------ SUPPLIED INFORMATION

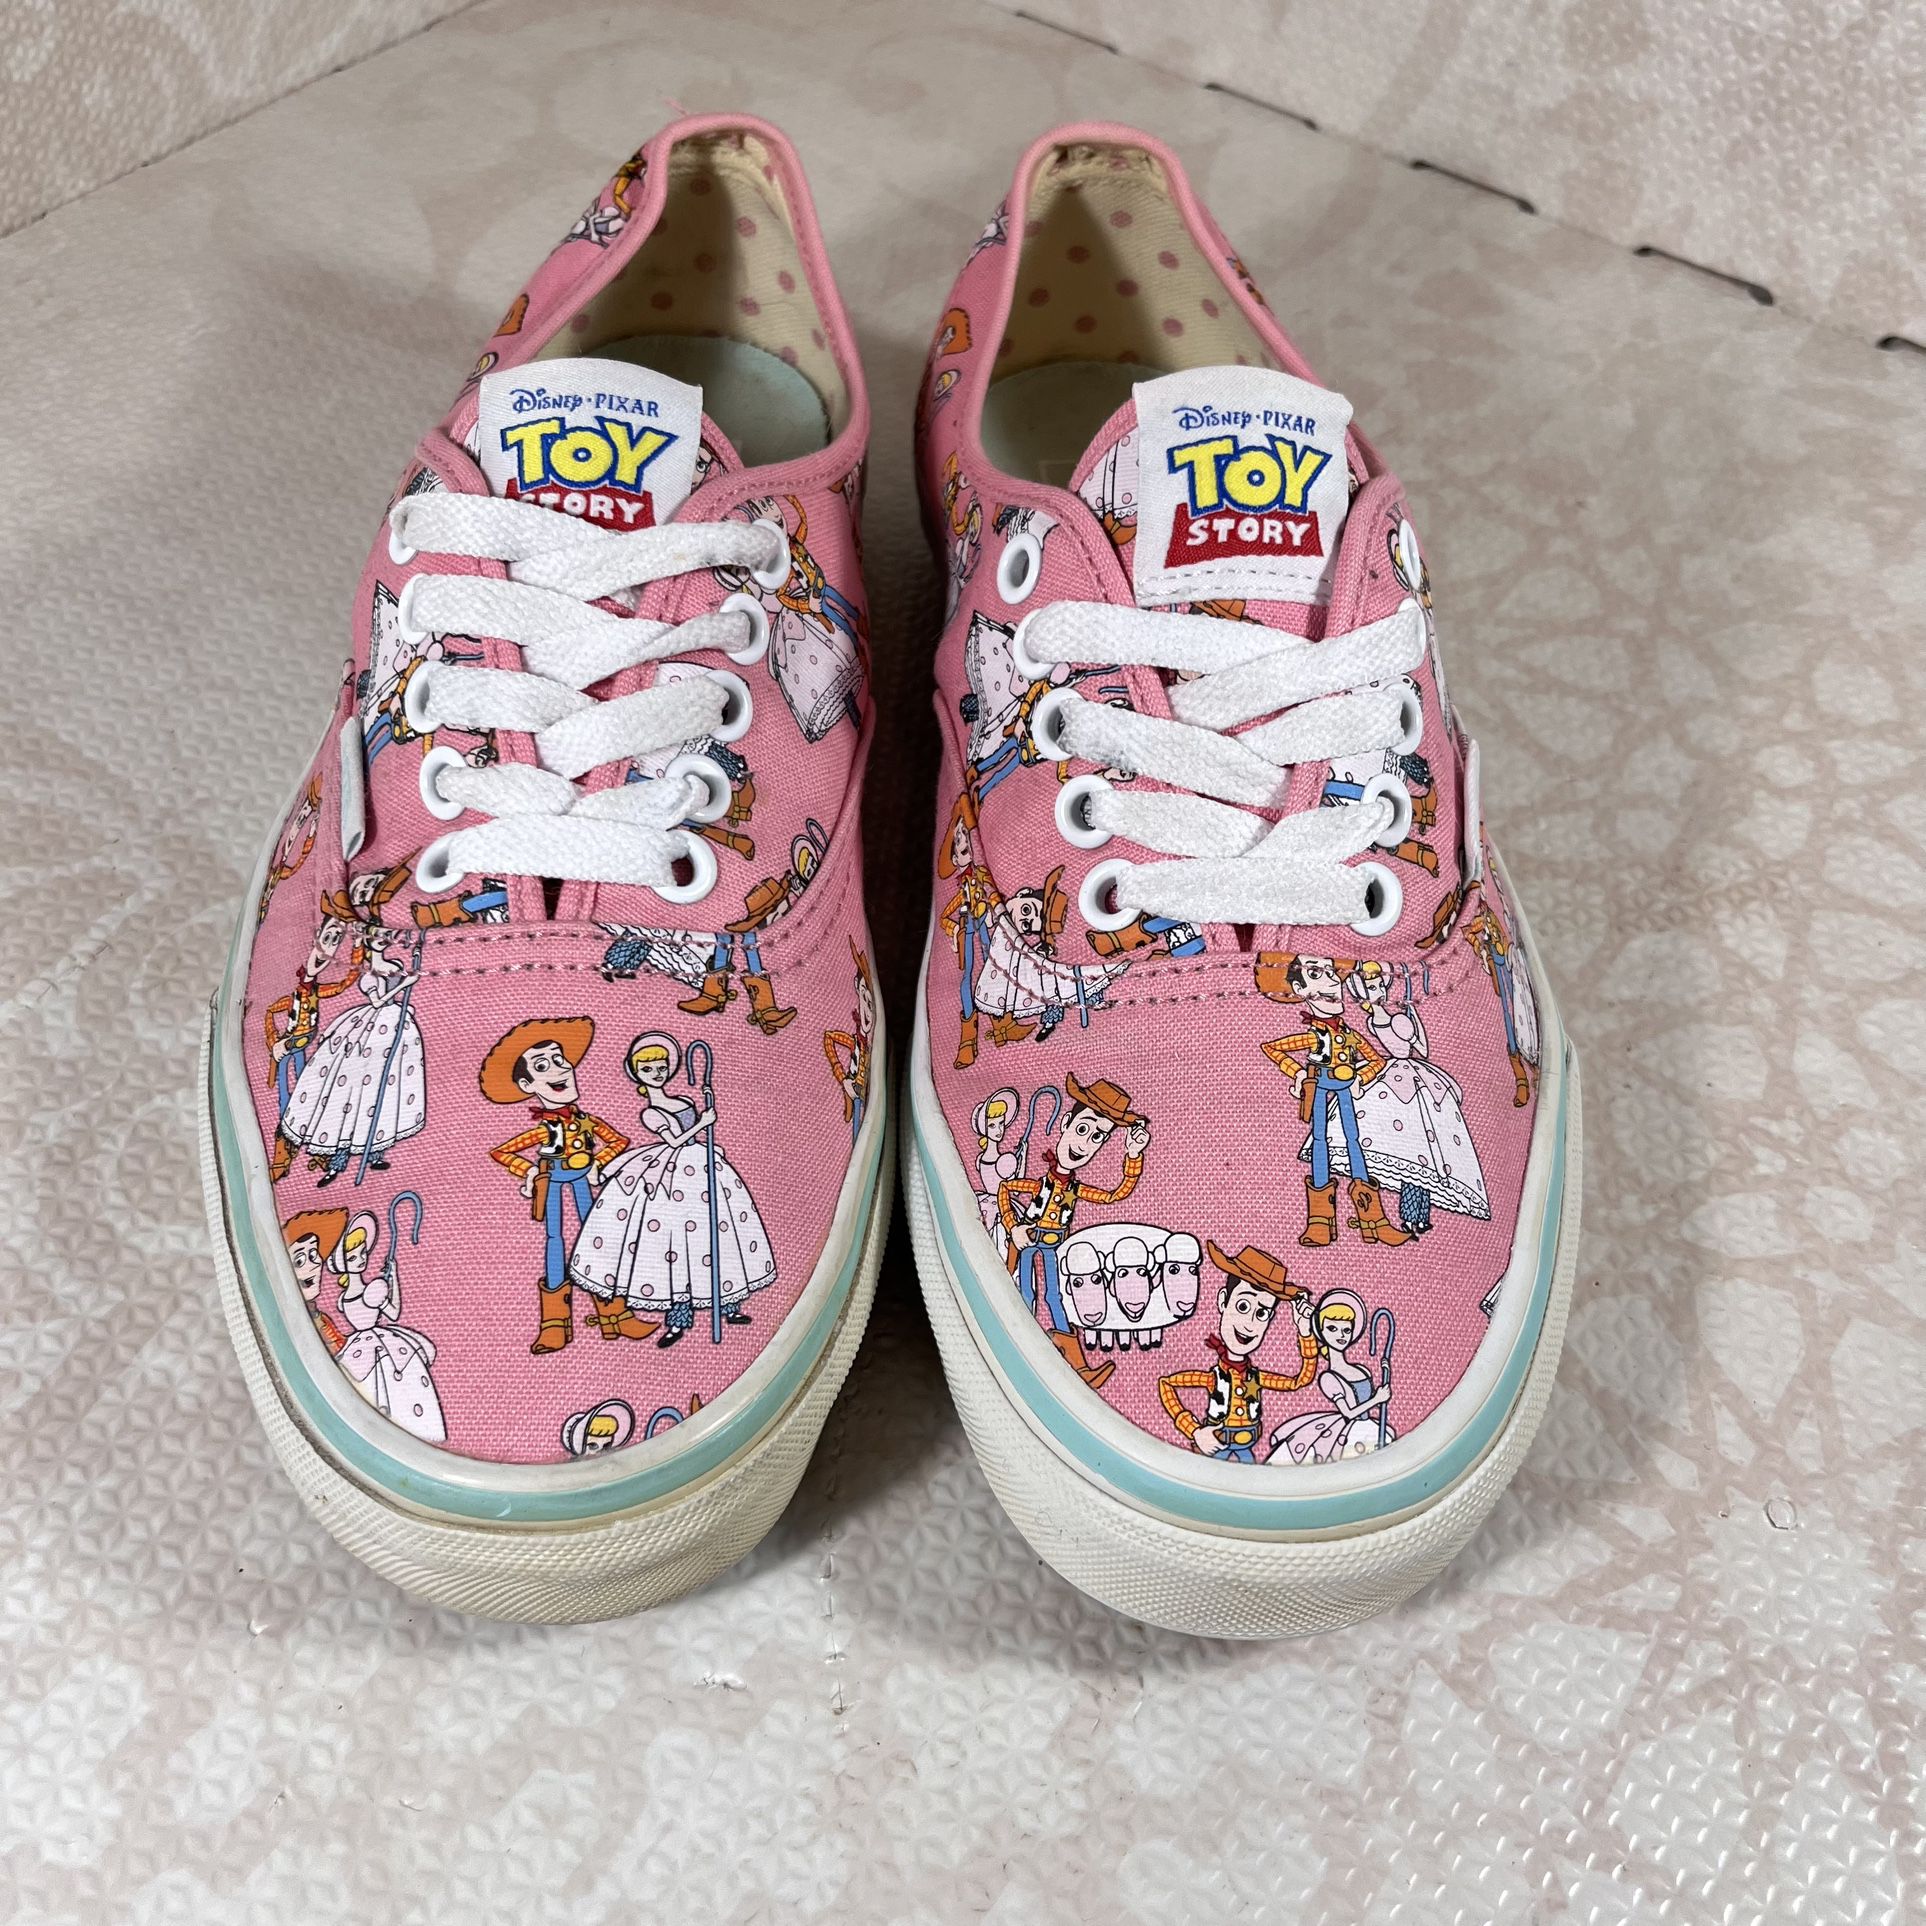 Vans Disney Pixar Toy Story Pink Women’s Sneakers Tennis Shoes Size 8 Men’s 6.5
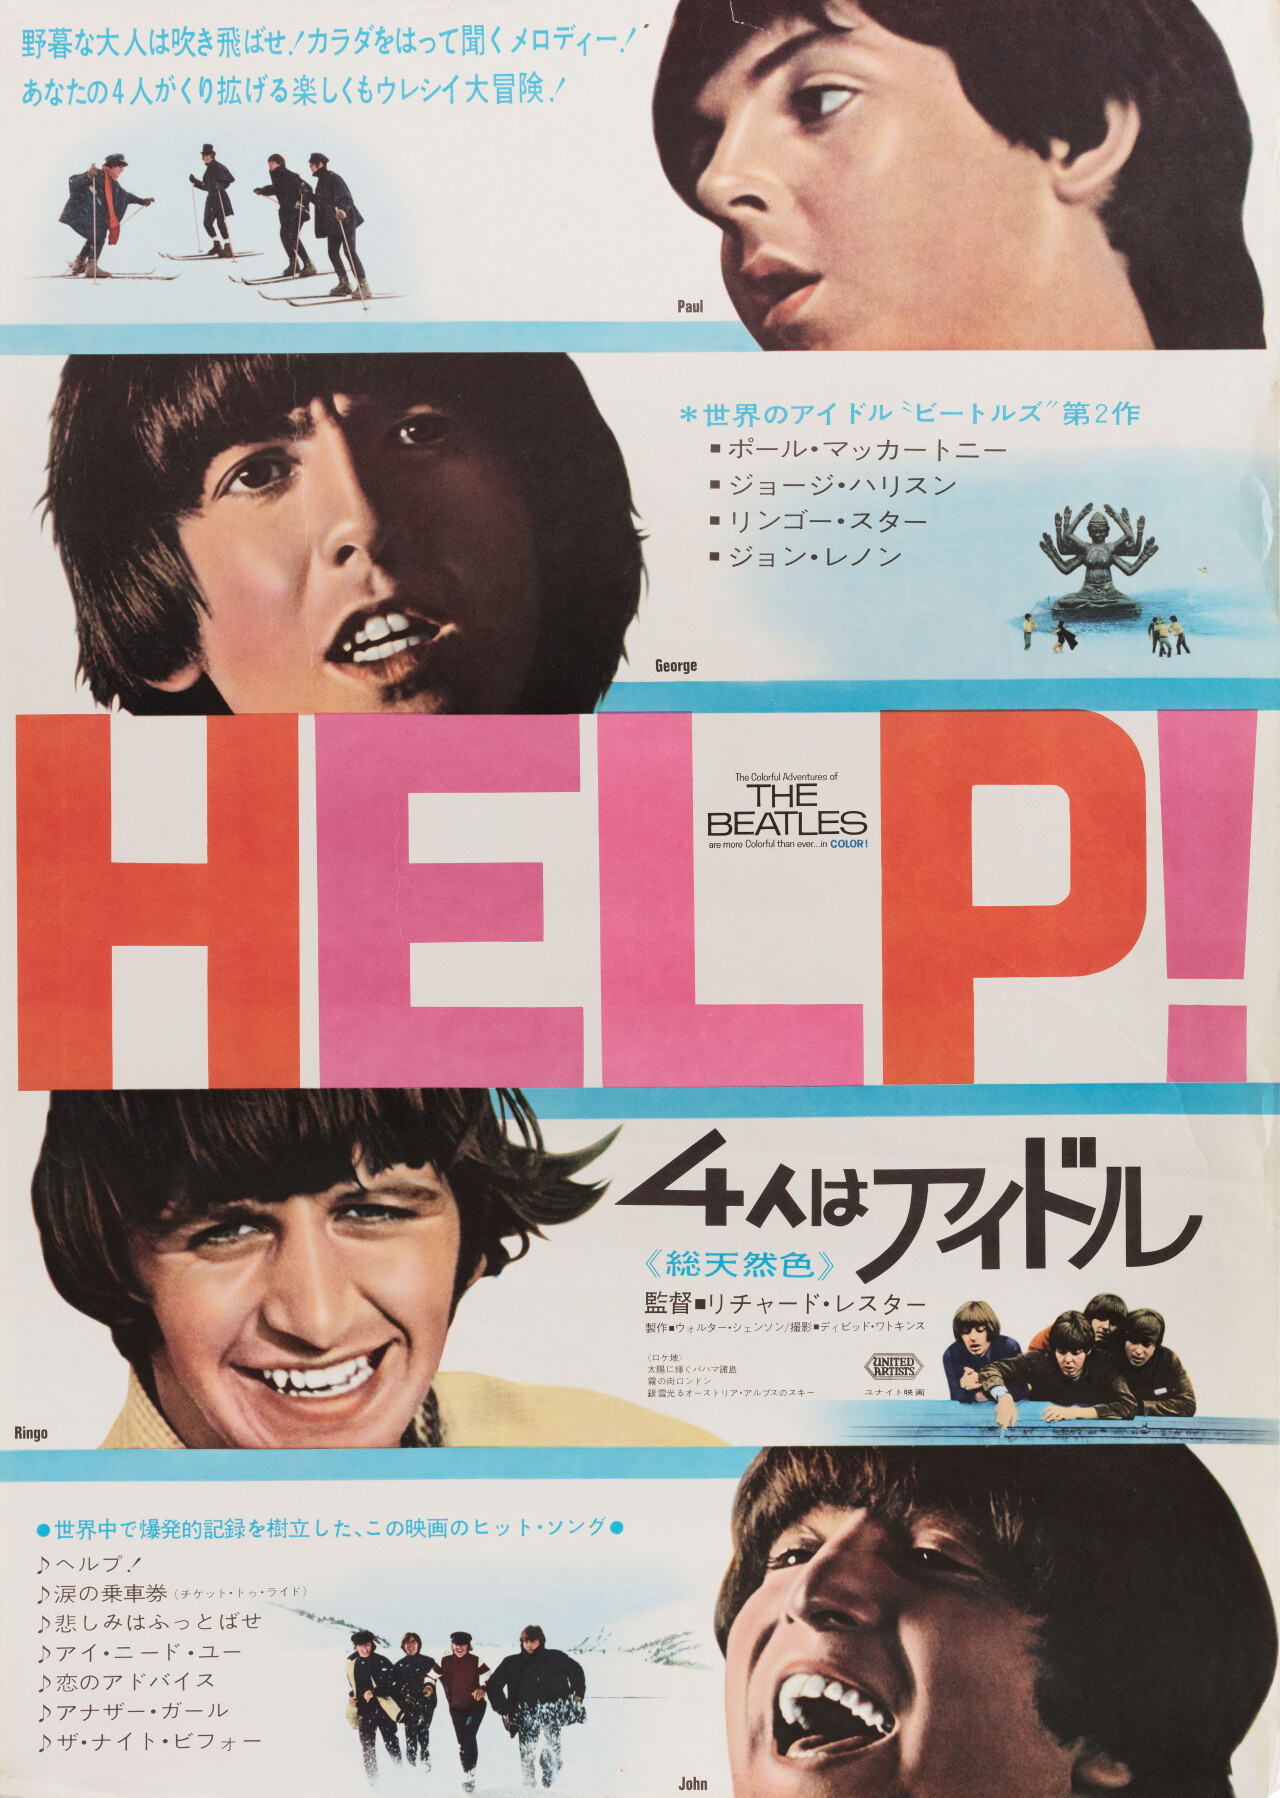 На помощь! (Help!, 1965), режиссёр Ричард Лестер, японский постер к фильму (графический дизайн, 1965 год)
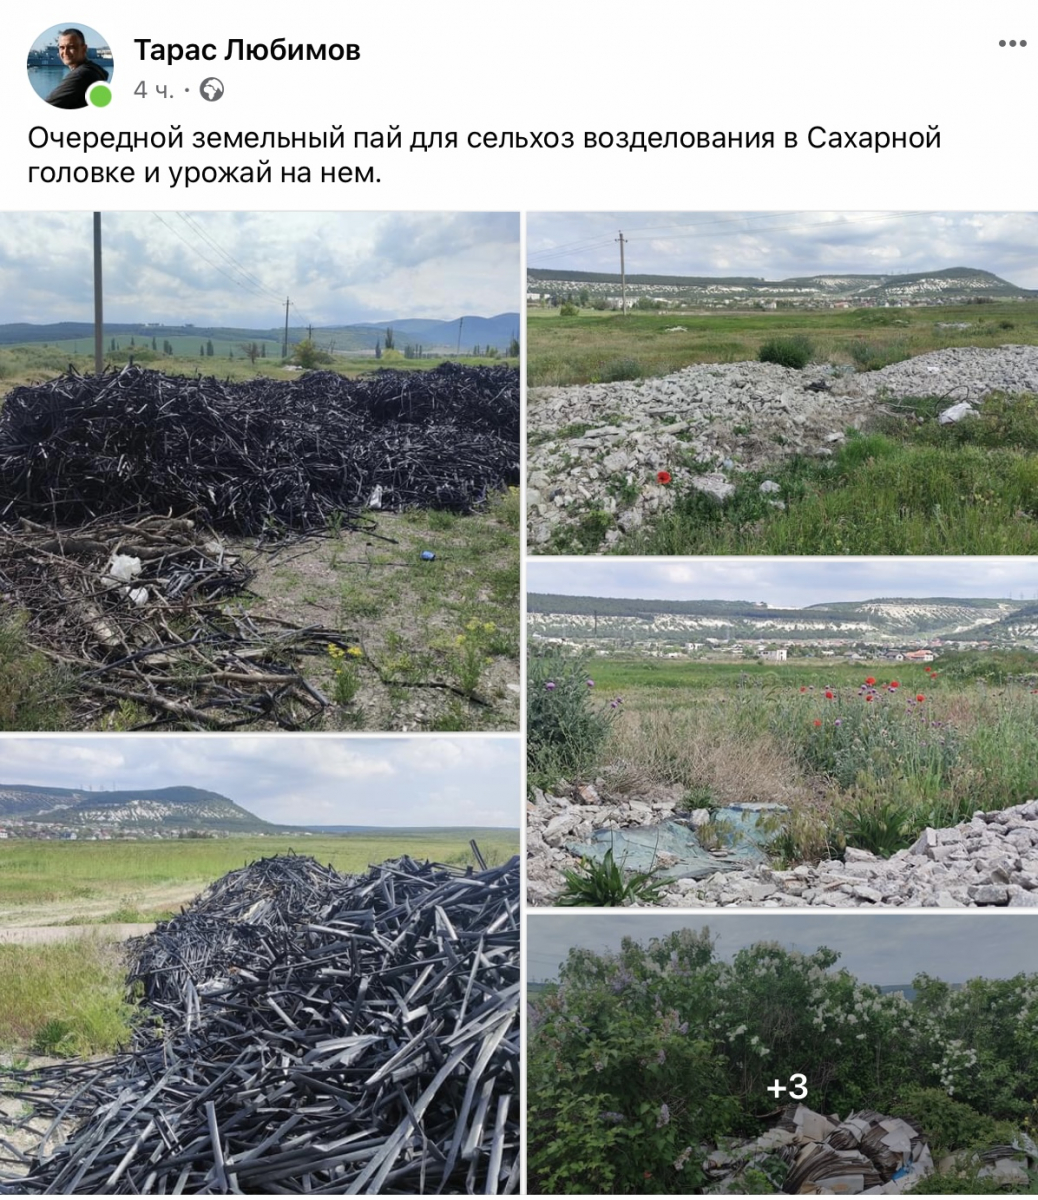 севастополь севсети погода природа мусор отходы нарушение
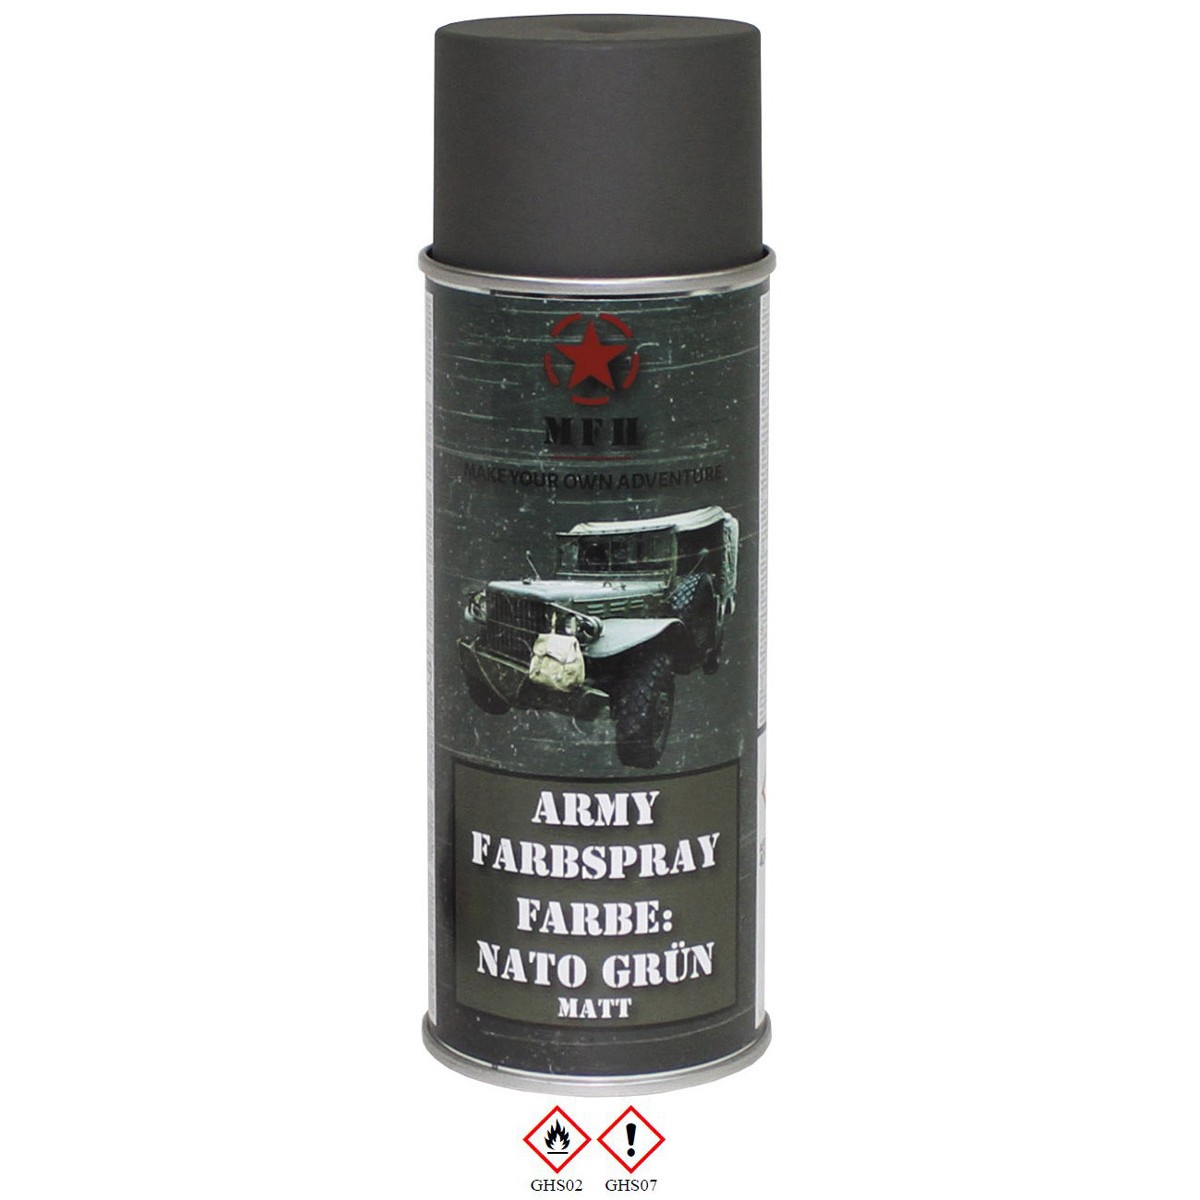 Farbspray, "Army" NATO GRÜN, matt, 400 ml

------------

# WORK TASK
Leaving out the pictures, transcribe the material above exactly.

# OUTPUT
 Vans Disney Pixar Toy Story Pink Women’s Sneakers Tennis Shoes Size 8 Men’s 6.5
 На помощь! (Help!, 1965), режиссёр Ричард Лестер, японский постер к фильму (графический дизайн, 1965 год)
 севастополь севсети погода природа мусор отходы нарушение
 Farbspray, "Army" NATO GRÜN, matt, 400 ml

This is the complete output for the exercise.